The important thing that needs to be understood though is that polling is not event-driven, and that PollableMessageSource is a strategy which exposes operation to produce (poll for) a Message (singular). How often you poll or how many threads you use or where you’re polling from (message queue or file system) is entirely up to you; In other words it is your responsibility to configure Poller or Threads or the actual source of Message. Luckily Spring has plenty of abstractions to configure exactly that.

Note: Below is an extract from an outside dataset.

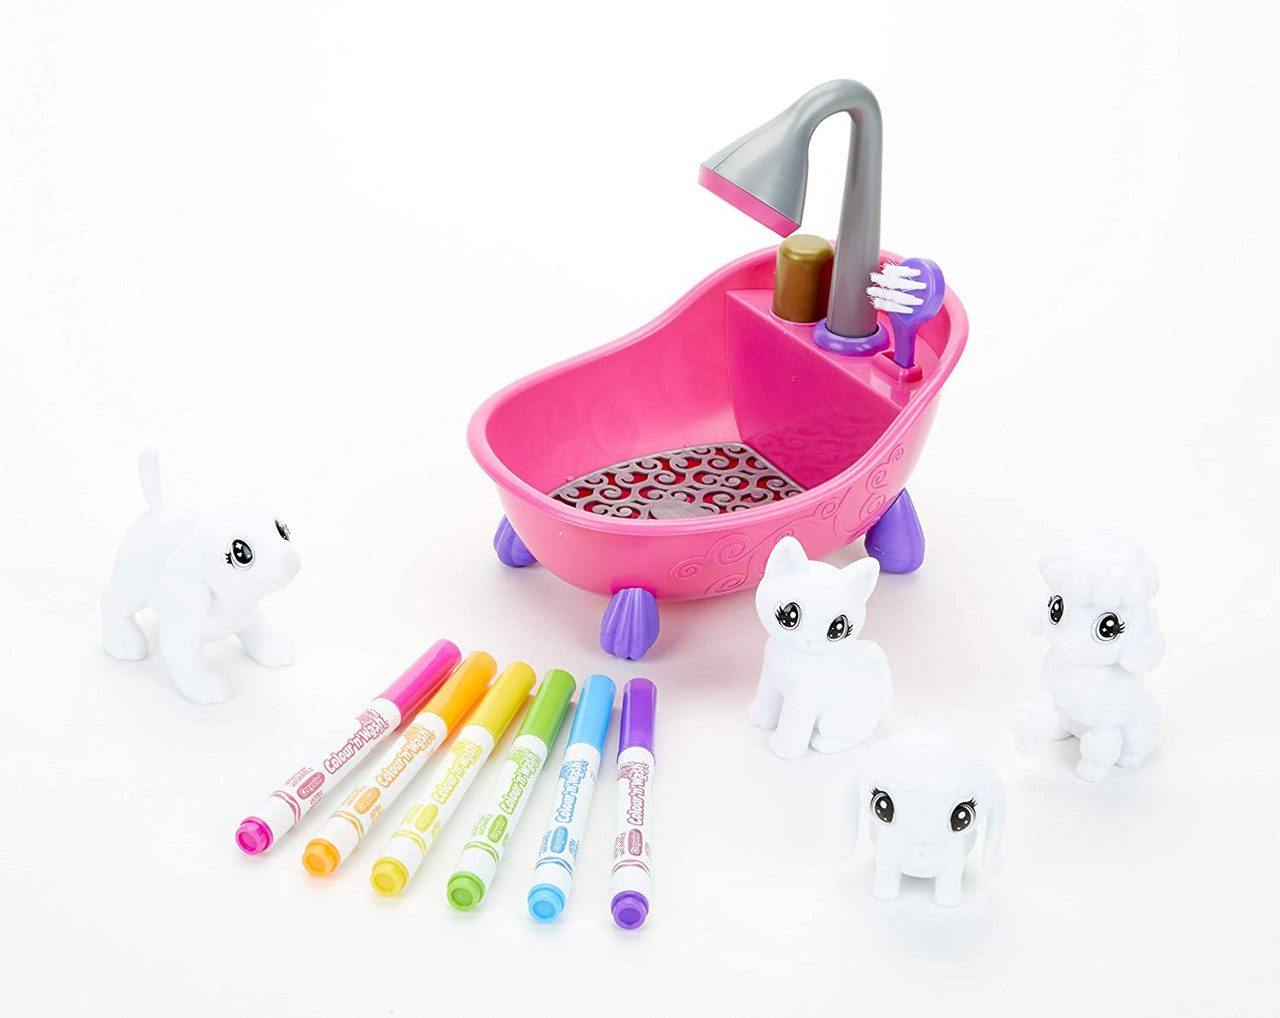 Scribble Scrubbie Pets, Tub Playset by Crayola

Let’s look at the example:

@Test
public void samplePollingTest() {
	ApplicationContext context = new SpringApplicationBuilder(SamplePolledConfiguration.class)
				.web(WebApplicationType.NONE)
				.run("--spring.jmx.enabled=false", "--spring.cloud.stream.pollable-source=myDestination");
	OutputDestination destination = context.getBean(OutputDestination.class);
	System.out.println("Message 1: " + new String(destination.receive().getPayload()));
	System.out.println("Message 2: " + new String(destination.receive().getPayload()));
	System.out.println("Message 3: " + new String(destination.receive().getPayload()));
}

@EnableTestBinder
@EnableAutoConfiguration
public static class SamplePolledConfiguration {
	@Bean
	public ApplicationRunner poller(PollableMessageSource polledMessageSource, StreamBridge output, TaskExecutor taskScheduler) {
		return args -> {
			taskScheduler.execute(() -> {
				for (int i = 0; i < 3; i++) {
					try {
						if (!polledMessageSource.poll(m -> {
							String newPayload = ((String) m.getPayload()).toUpperCase();
							output.send("myOutput", newPayload);
						})) {
							Thread.sleep(2000);
						}
					}
					catch (Exception e) {
						// handle failure
					}
				}
			});
		};
	}
}

The above (very rudimentary) example will produce 3 messages in 2 second intervals sending them to the output destination of Source which this binder sends to OutputDestination where we retrieve them (for any assertions). Currently, it prints the following:

Message 1: POLLED DATA
Message 2: POLLED DATA
Message 3: POLLED DATA

As you can see the data is the same. That is because this binder defines a default implementation of the actual MessageSource - the source from which the Messages are polled using poll() operation. While sufficient for most testing scenarios, there are cases where you may want to define your own MessageSource. To do so simply configure a bean of type MessageSource in your test configuration providing your own implementation of Message sourcing.

Here is the example:

@Bean
public MessageSource<?> source() {
	return () -> new GenericMessage<>("My Own Data " + UUID.randomUUID());
}

rendering the following output;

Message 1: MY OWN DATA 1C180A91-E79F-494F-ABF4-BA3F993710DA
Message 2: MY OWN DATA D8F3A477-5547-41B4-9434-E69DA7616FEE
Message 3: MY OWN DATA 20BF2E64-7FF4-4CB6-A823-4053D30B5C74
DO NOT name this bean messageSource as it is going to be in conflict with the bean of the same name (different type) provided by Spring Boot for unrelated reasons.